Contribution of Spores to the Ability of Clostridium difficile To Adhere to Surfaces

Lovleen Tina Joshi ^a, Daniel S Phillips ^a, Catrin F Williams ^b, Abdullah Alyousef ^a, Les Baillie ^a,^✉

PMCID: PMC3485709 PMID: 22923404

Abstract

Clostridium difficile is the commonest cause of hospital-acquired infection in the United Kingdom. We characterized the abilities of 21 clinical isolates to form spores; to adhere to inorganic and organic surfaces, including stainless steel and human adenocarcinoma cells; and to germinate. The composition of culture media had a significant effect on spore formation, as significantly more spores were produced in brain heart infusion broth (Student's t test; P = 0.018). The spore surface relative hydrophobicity (RH) varied markedly (14 to 77%) and was correlated with the ability to adhere to stainless steel. We observed no correlation between the ribotype and the ability to adhere to steel. When the binding of hydrophobic (DS1813; ribotype 027; RH, 77%) and hydrophilic (DS1748; ribotype 002; RH, 14%) spores to human gut epithelial cells at different stages of cell development was examined, DS1813 spores adhered more strongly, suggesting the presence of surface properties that aid attachment to human cells. Electron microscopy studies revealed the presence of an exosporium surrounding DS1813 spores that was absent from spores of DS1748. Finally, the ability of spores to germinate was found to be strain and medium dependent. While the significance of these findings to the disease process has yet to be determined, this study has highlighted the importance of analyzing multiple isolates when attempting to characterize the behavior of a bacterial species.

INTRODUCTION

Clostridium difficile is an anaerobic, spore-forming, Gram-positive bacterium implicated as the primary cause of antibiotic-associated diarrhea in the United Kingdom (http://www.statistics.gov.uk/hub/index.html). Alterations in colonic microbiota, usually due to broad-spectrum antibiotic treatment, increase sensitivity to C. difficile infection and enable the vegetative organism to produce cytotoxins that destroy host intestinal epithelial cells (35). The subsequent increase in vascular permeability leads to the formation of pseudomembranes composed of neutrophils, fibrin, mucosa, blood, and cellular debris (28, 32). Bloody diarrhea ensues, resulting in the release of large numbers of spores into the environment.

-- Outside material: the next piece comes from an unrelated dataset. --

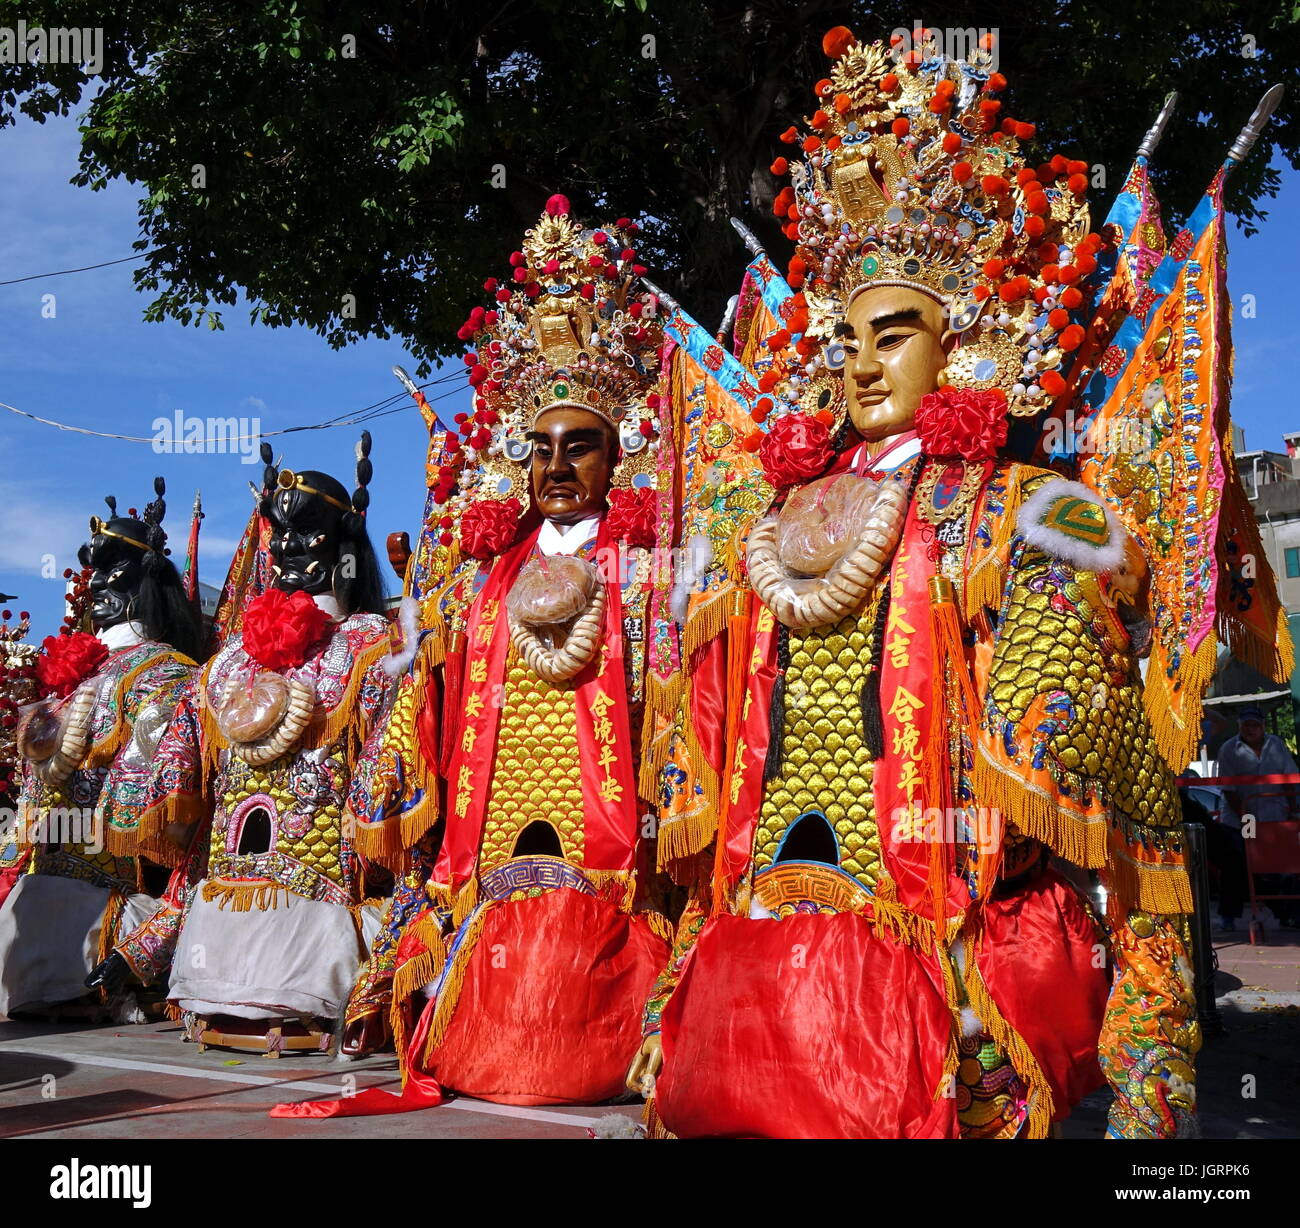 KAOHSIUNG, TAIWAN -- 10 juin , 2017 : un ensemble de grands masques élaborés et les costumes portés par des danseurs pour représenter les divinités populaires de Taiwan's folk religio Banque D'Images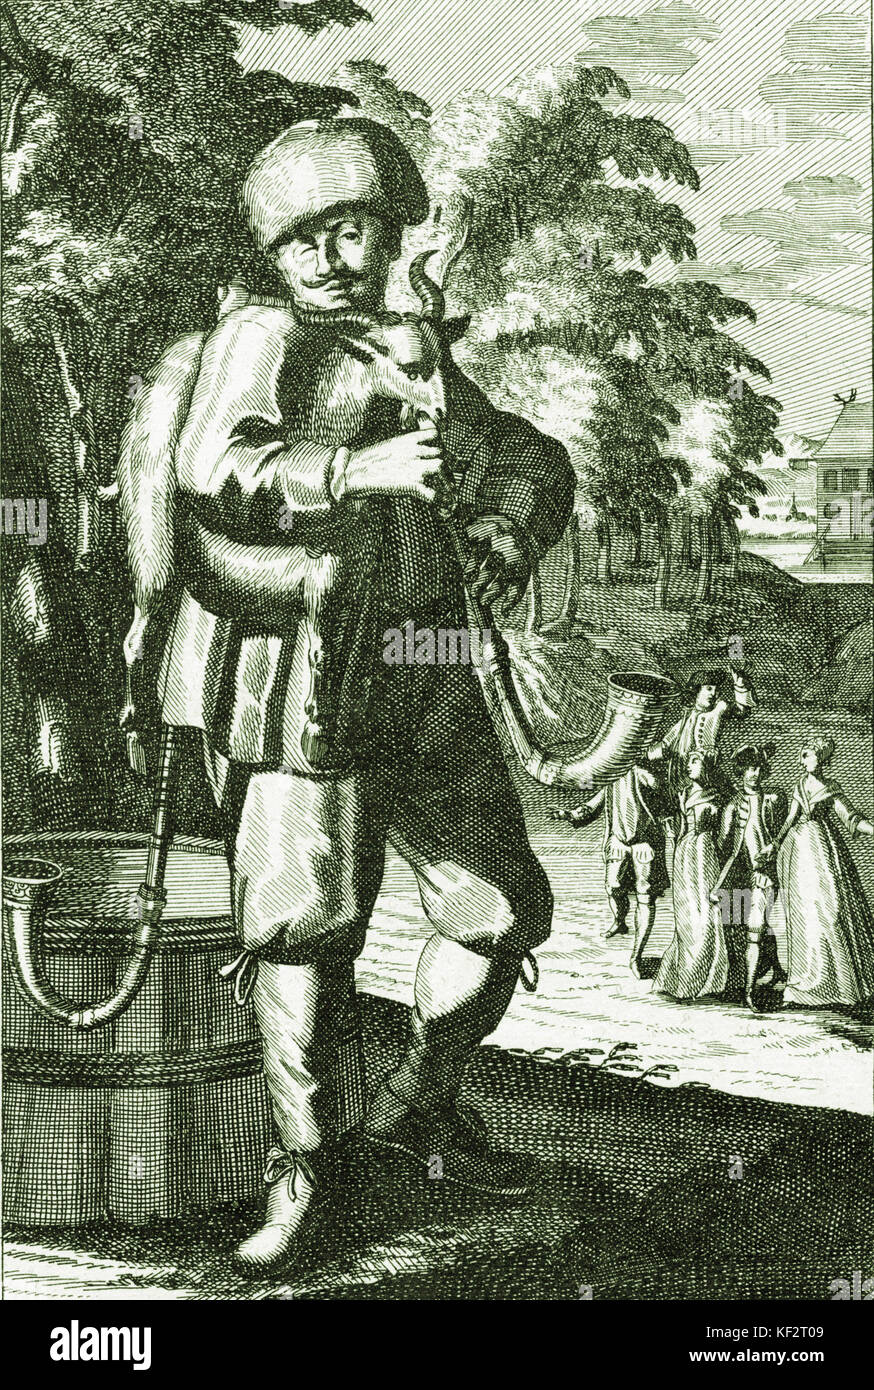 Anfang des 18. Jahrhunderts der Mann mit Dudelsack. Hier als "Polnische Ziege" beschrieben. Kupferstich von J C Weigel (1661-1726). Dudelsack und Dudelsackspieler Stockfoto

Spores are formed when the vegetative organism is subjected to stress, such as nutrient limitation, and they allow the pathogen to survive in a dormant state outside the anaerobic environment of the gut until a new host is colonized (34). Differences in the abilities of isolates to form spores have been proposed as a contributing factor to the emergence of hypervirulent variants (e.g., B1/NAP1/027) of the pathogen (1, 32). The ability to adhere to surfaces commonly found in the health care environment, such as bed linen and stainless steel, is also thought to play a role (12, 30).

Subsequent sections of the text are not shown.